Justine Kurland’s Girl Pictures was the Charcoal photobook-of-the-month for June 2020. I preordered Girl Pictures well before its release, and so swapped it out for George Georgiou’s Americans Parade. This was probably my fourth swap, and the process couldn’t be easier: Jesse Lenz and Charcoal Books are super easy to work with.

But this isn’t about Charcoal.

For Americans Parade, Georgiou spent a year (2016) going to parades in cities and towns all over the United States and photographing groups of spectators as they watched the floats pass by. 14 states, 24 cities, 26 parades, 53 pictures, all with groups of mostly (self-)segregated people, rarely singly, mostly in family groups or large crowds. I was shocked by the size of a couple of men pictured: two gentlemen look like friggen giants, with the next tallest person not quite reaching their shoulders. I was not surprised by the average girth: we’re not a slim population. And given the time Geogiou photographed (January to November 2016), I was surprised by the general feelings of unity and overall togetherness pictured.

Sure, some people eye the camera suspiciously; sure, some gesture or glare at something out of frame; but, overall, we’re all there together for some sort of celebration.

David Campany, in his introduction, reads this unity as a harbinger of the 45th presidency and all the strife and division in our political sphere. I don’t see that at all: I think about local parades here, the Homecoming parade that passed my grandparent’s house every year, the St. Patrick’s Day parade in Patchogue where a few friends and I played Jenga with the beer can tower that steadily grew from the recycling bins and garbage cans, the Fourth of July parade I shot slide film at some years ago. For all of those, for all of the differences between me, my cohort, and the other families and groups at the parade—not to mention the people marching or riding in the parade—we were all there together. Sorta like the DMV or Post Office or Jury Duty, parades are levelers: everyone goes to parades.* Campany, as a Brit, may not have the same experience of American parades, and so probably sees something different.

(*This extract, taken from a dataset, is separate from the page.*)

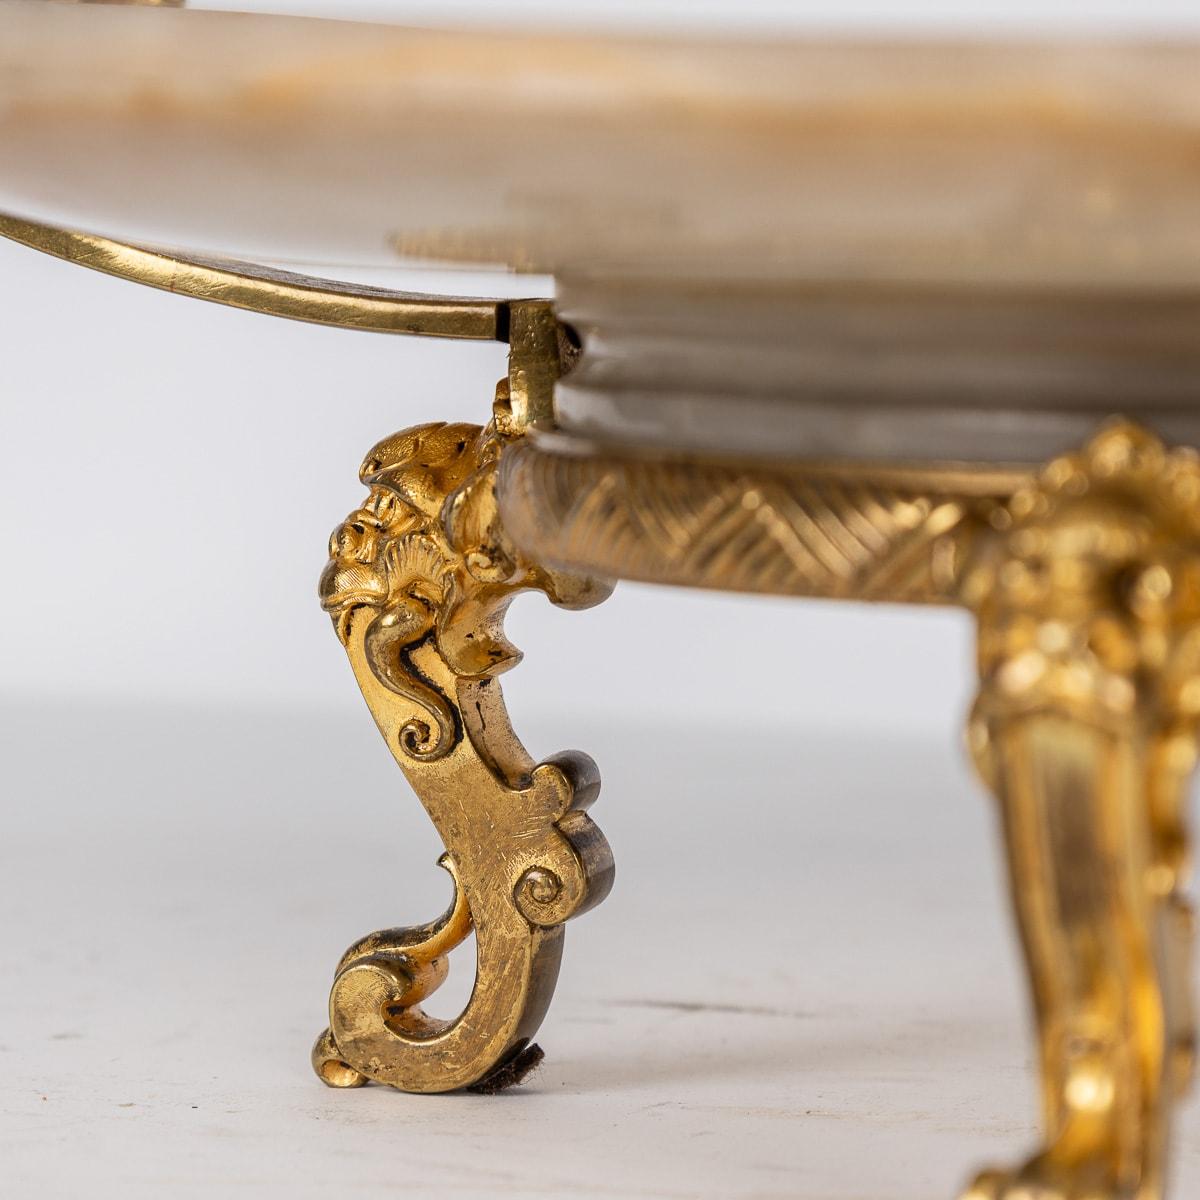 19th Century French Ormolu Mounted Onyx Marble & Enamel Centrepiece c.1880 For Sale 14

Sure, many of the people pictured probably ended up at BLM rallies or carried tiki torches at Charlotte or waved MAGA flags at the United States Capitol. But for the brief 1/500th of a second Georgiu captured us together, united. And it’s beautiful.**

Campany, a Brit, writing in 2019, probably had only Charlotte and MAGA on his mind; I, writing in early 2021, more have Covid on my mind. It’s sorta strange to see all the unmasked people, crowded together, no-social-distancing (or not much), and if the book came out now, if Campany wrote his introduction a year or two later, his emphasis on division and strife probably wouldn’t be there either. And, anyway, I look forward to going to some parades and fairs (and Six Flags) now that I and others are vaccinated and things are slowly starting to reopen and all.

Here’s hoping!

Concept
Content
Design

Americans Parade is a nice, thought provoking, portrait of Americans. The pictures are clear and legible and the book is a size that invites peering in. The pages are strangely thick—I’m forever thinking pages have stuck together—and this allows each page to lay completely flat, with only a thin, barely visible fold line bisecting each. Given that each image occupies a full spread, I deeply appreciate books that avoid burying 1/3 of an image in the gutter.

Americans Parade seems to be the only book (so far) ever published by BB Editions (which doesn’t have a website) and remains available at Deadbeat Club and elsewhere. It’s really a lovely portrait of the American people. There is no judgement, positive or negative, no attempt to capture jokes or caricatures: it’s just us, at a specific moment in time, all together for a more or less common cause, if only for an hour or so. And if we can come together for an hour for a stupid parade, maybe we can get together on some more important things.

lol.


*Unlike the DMV, Post Office, and Jury Duty, though, people voluntarily go to parades.
**If the crowds weren’t so homogenous, it would be more beautiful, but I can’t have everything.